Data START
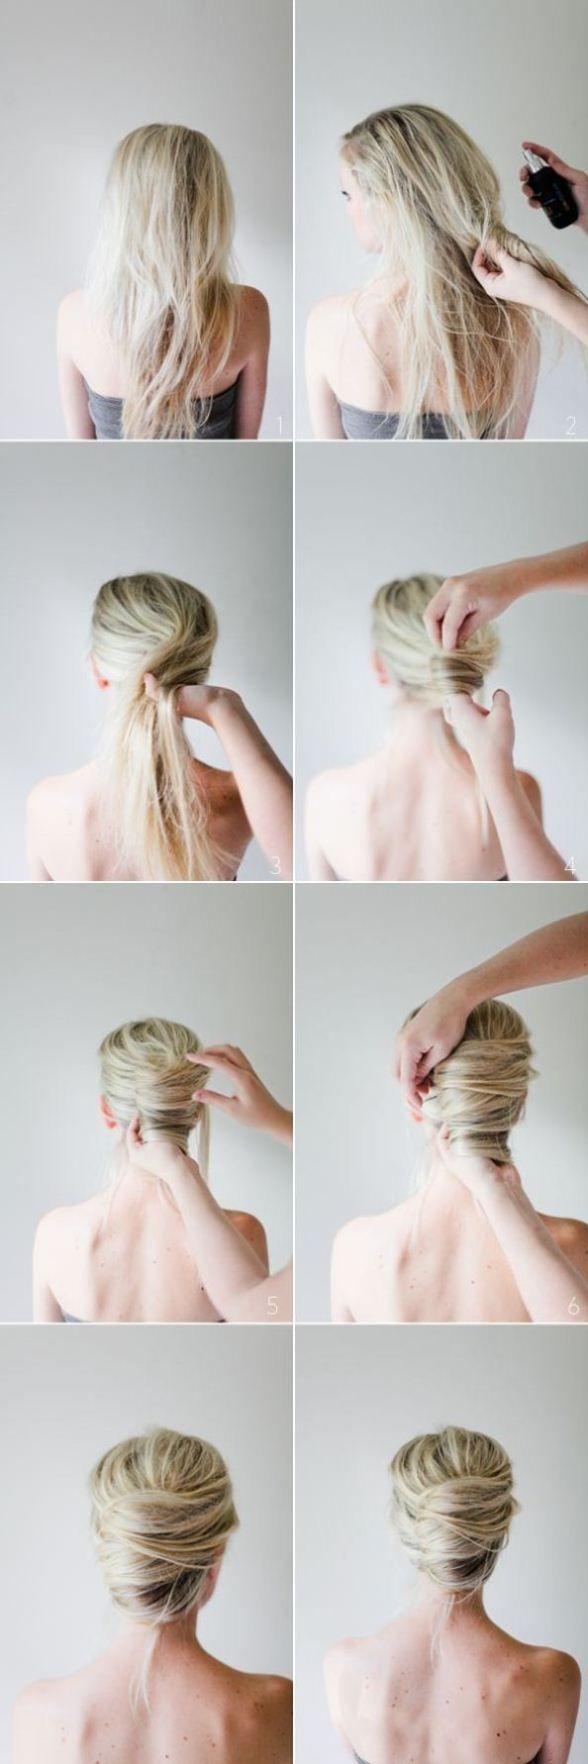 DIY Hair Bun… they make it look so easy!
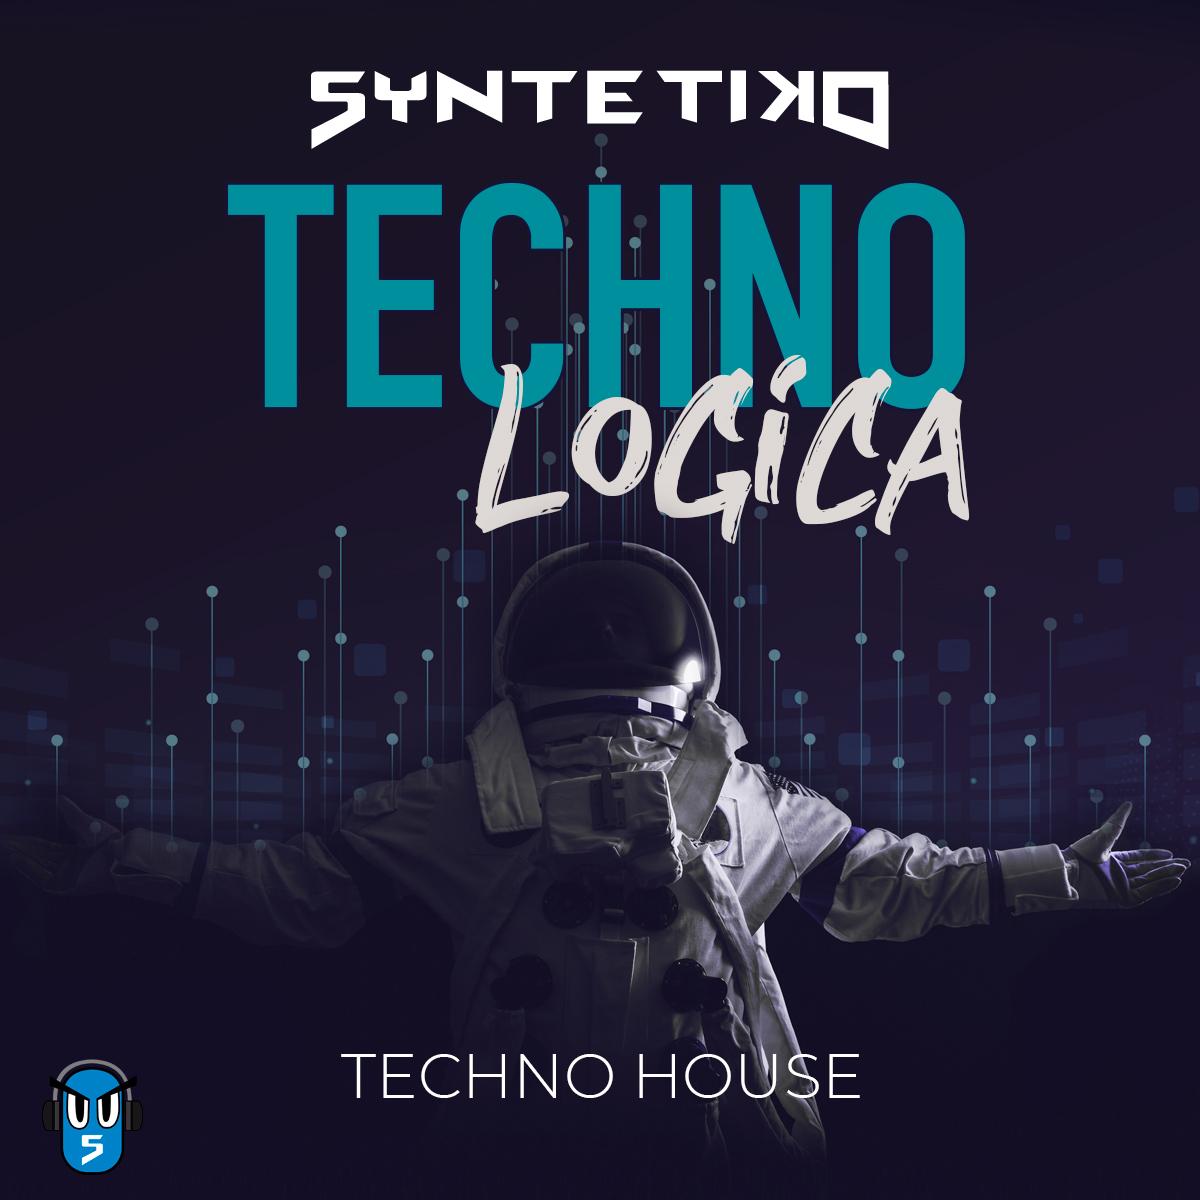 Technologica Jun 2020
Data END
Data START
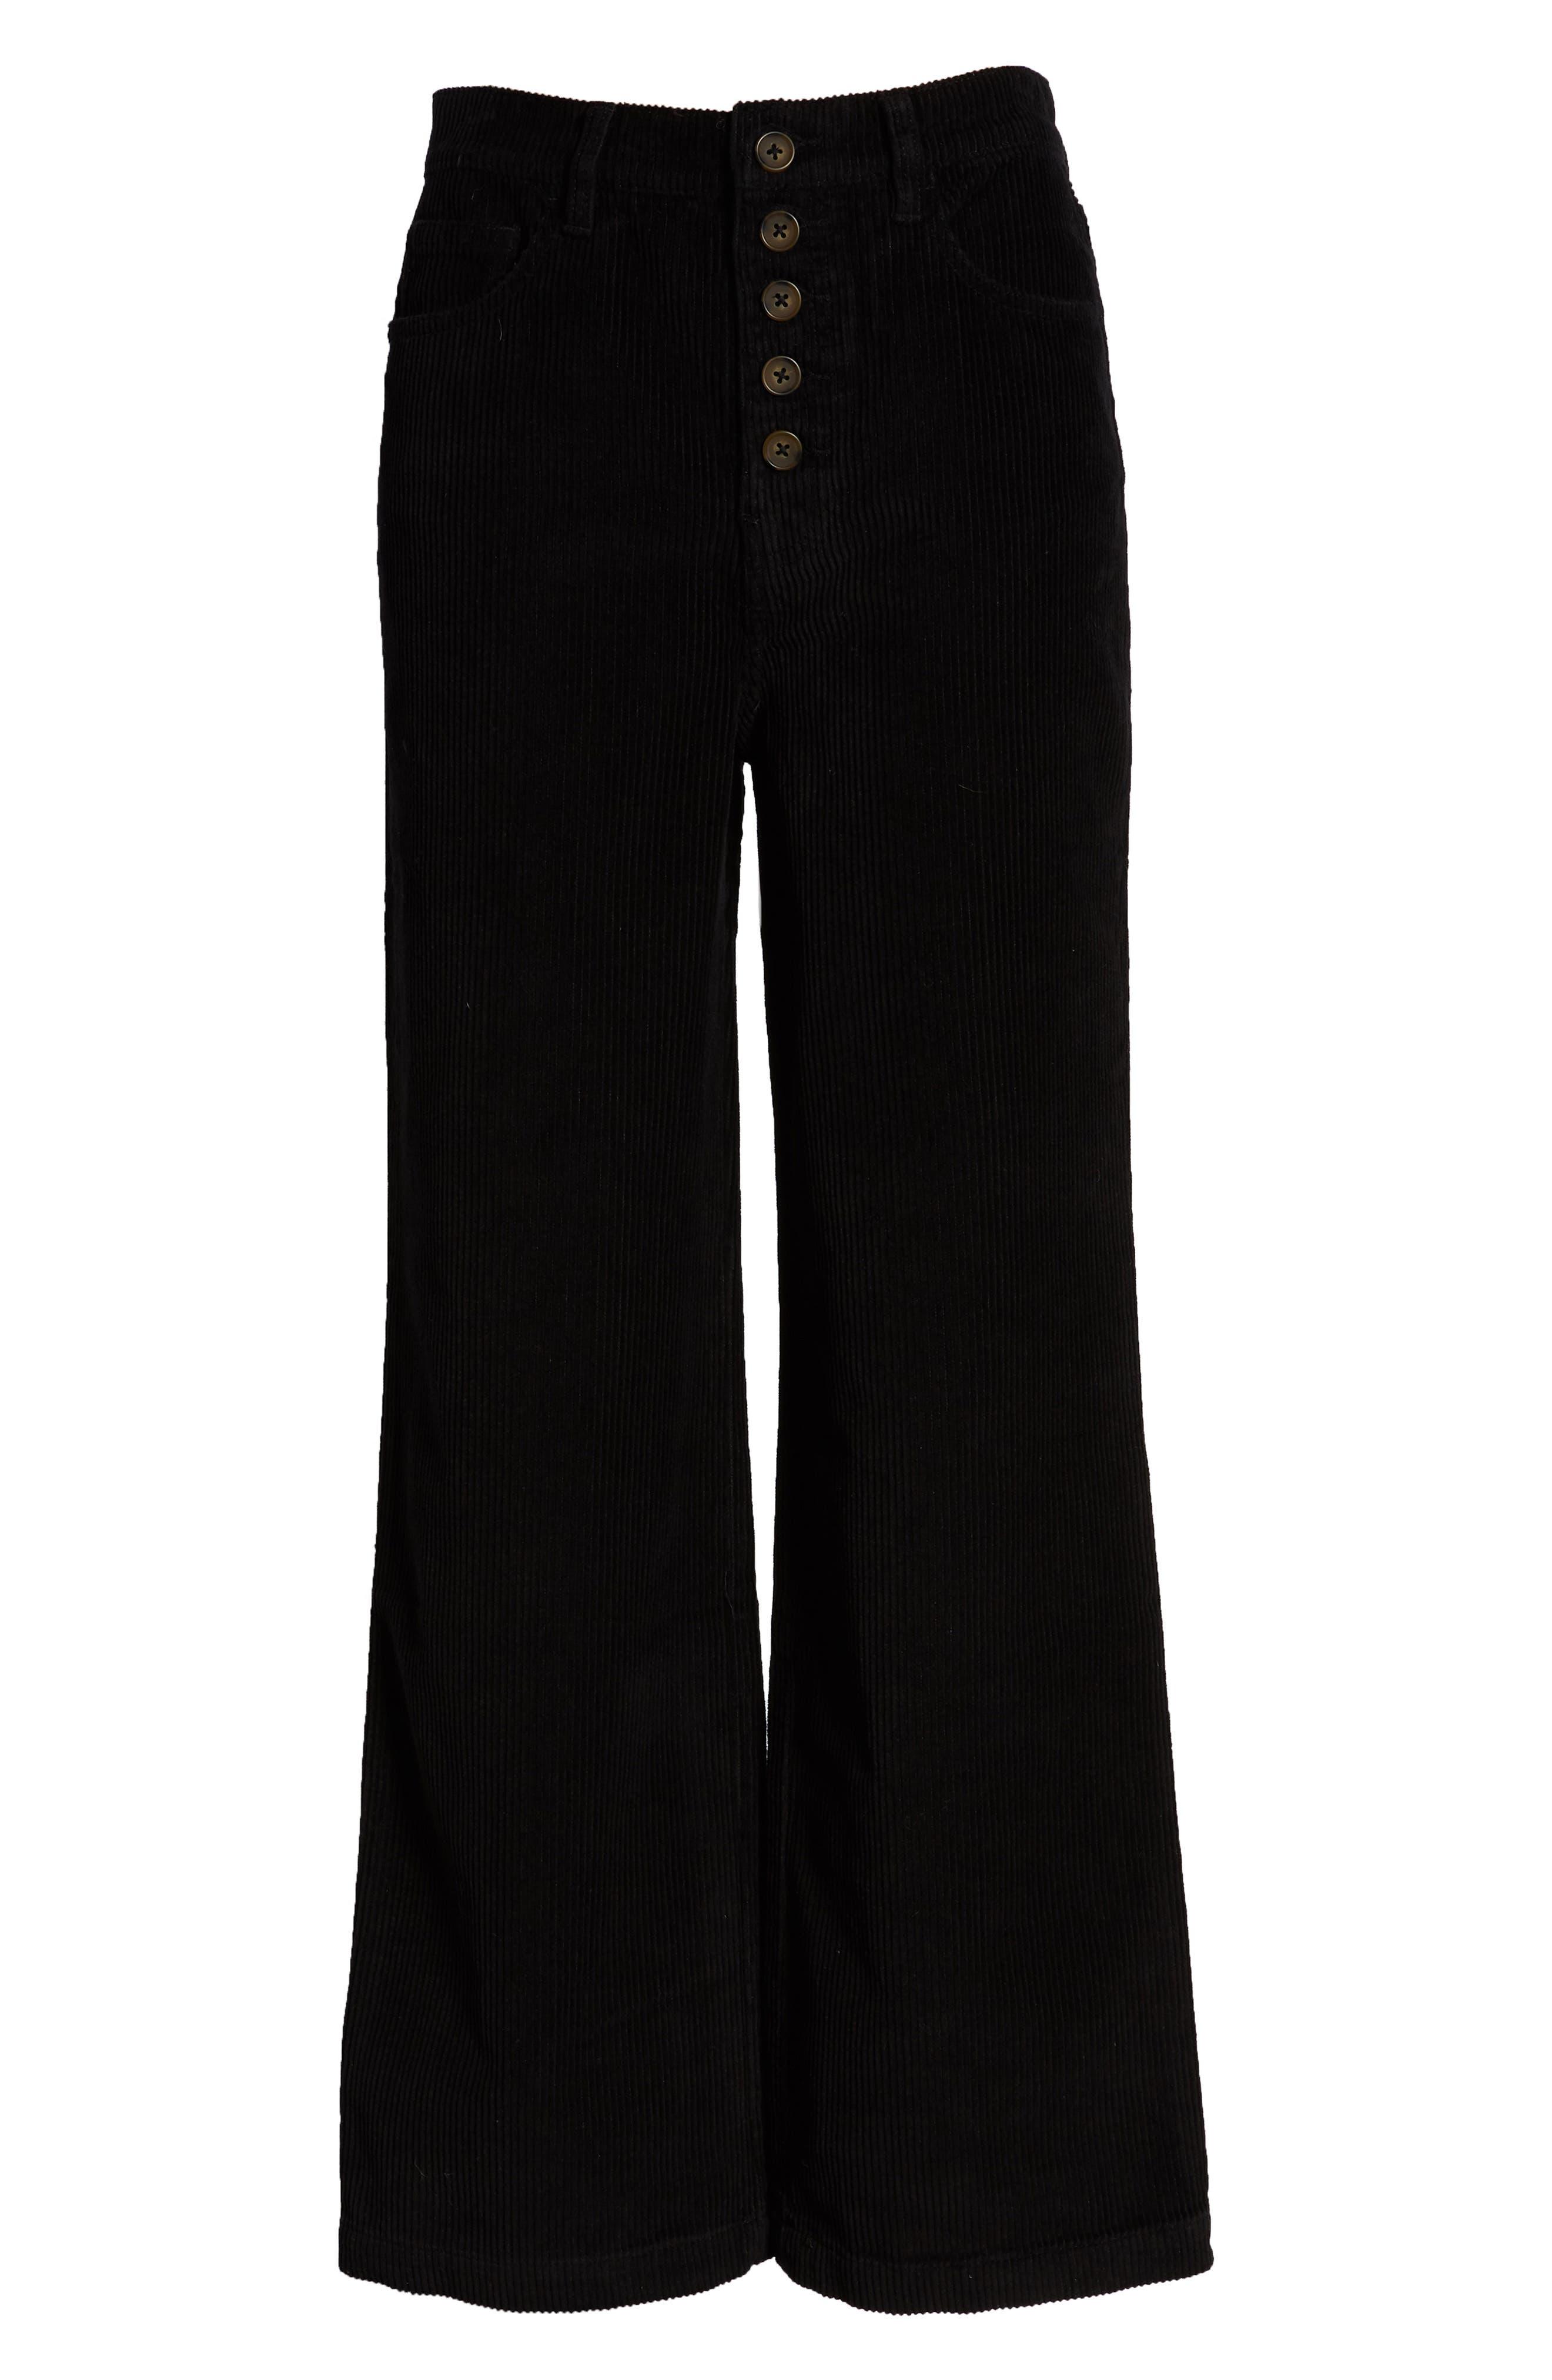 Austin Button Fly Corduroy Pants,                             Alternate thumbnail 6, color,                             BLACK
Data END
Data START
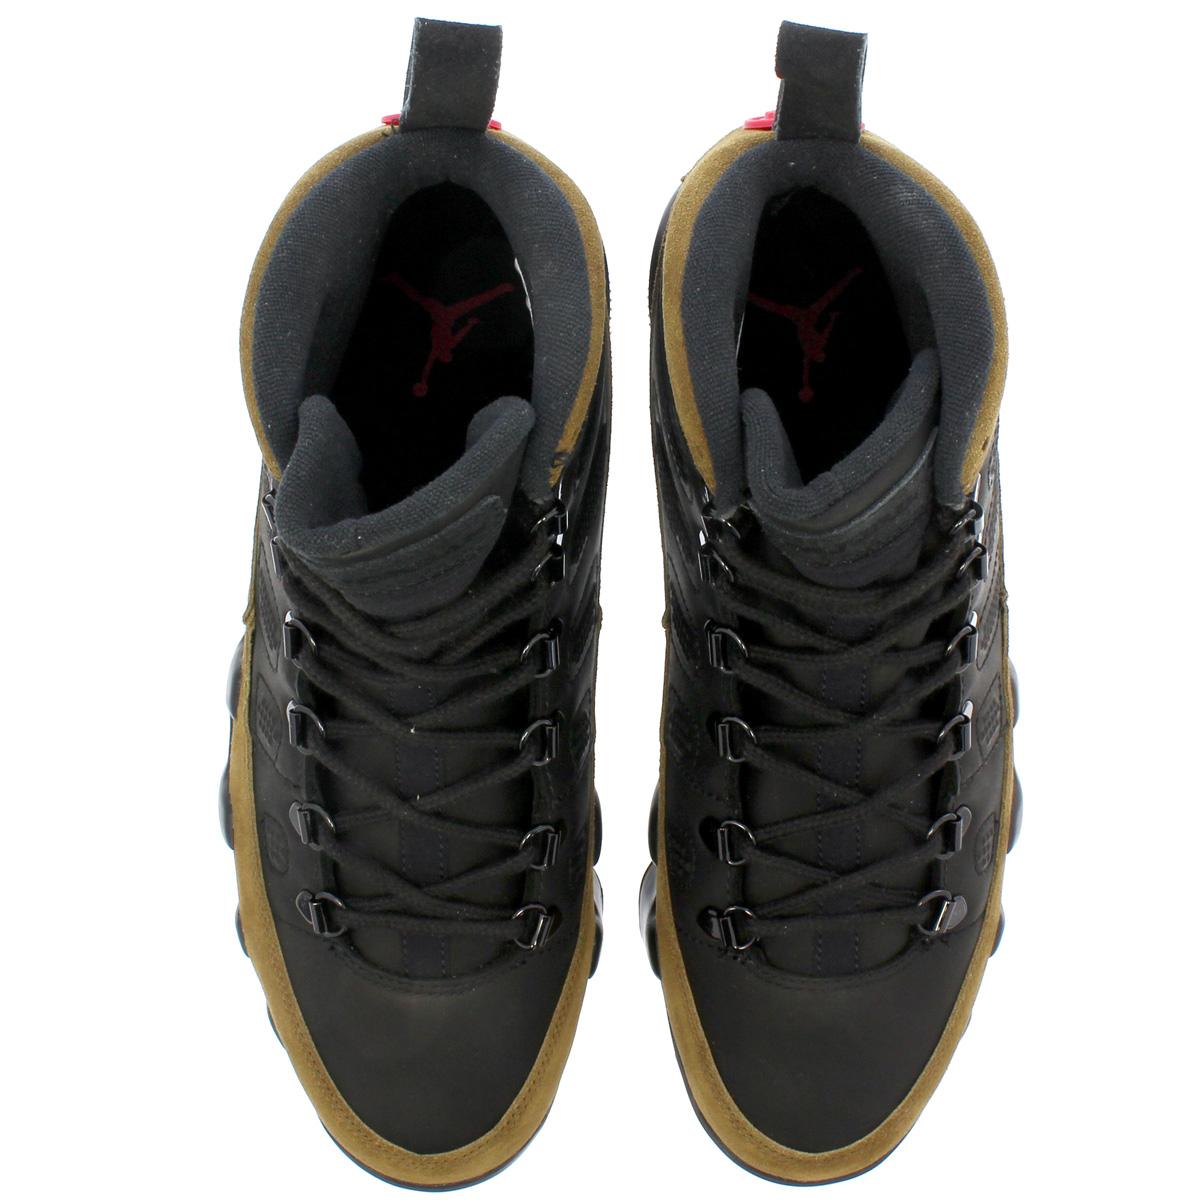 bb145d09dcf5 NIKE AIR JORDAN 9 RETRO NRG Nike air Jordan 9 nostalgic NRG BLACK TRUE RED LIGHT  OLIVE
Data END
**The task**
From the records above, extract the lines from the one holding "DIY Hair Bun… they make it look so easy!" through the one holding "Technologica Jun 2020", word for word; omit the pictures.

**Solution**
 DIY Hair Bun… they make it look so easy!
 Technologica Jun 2020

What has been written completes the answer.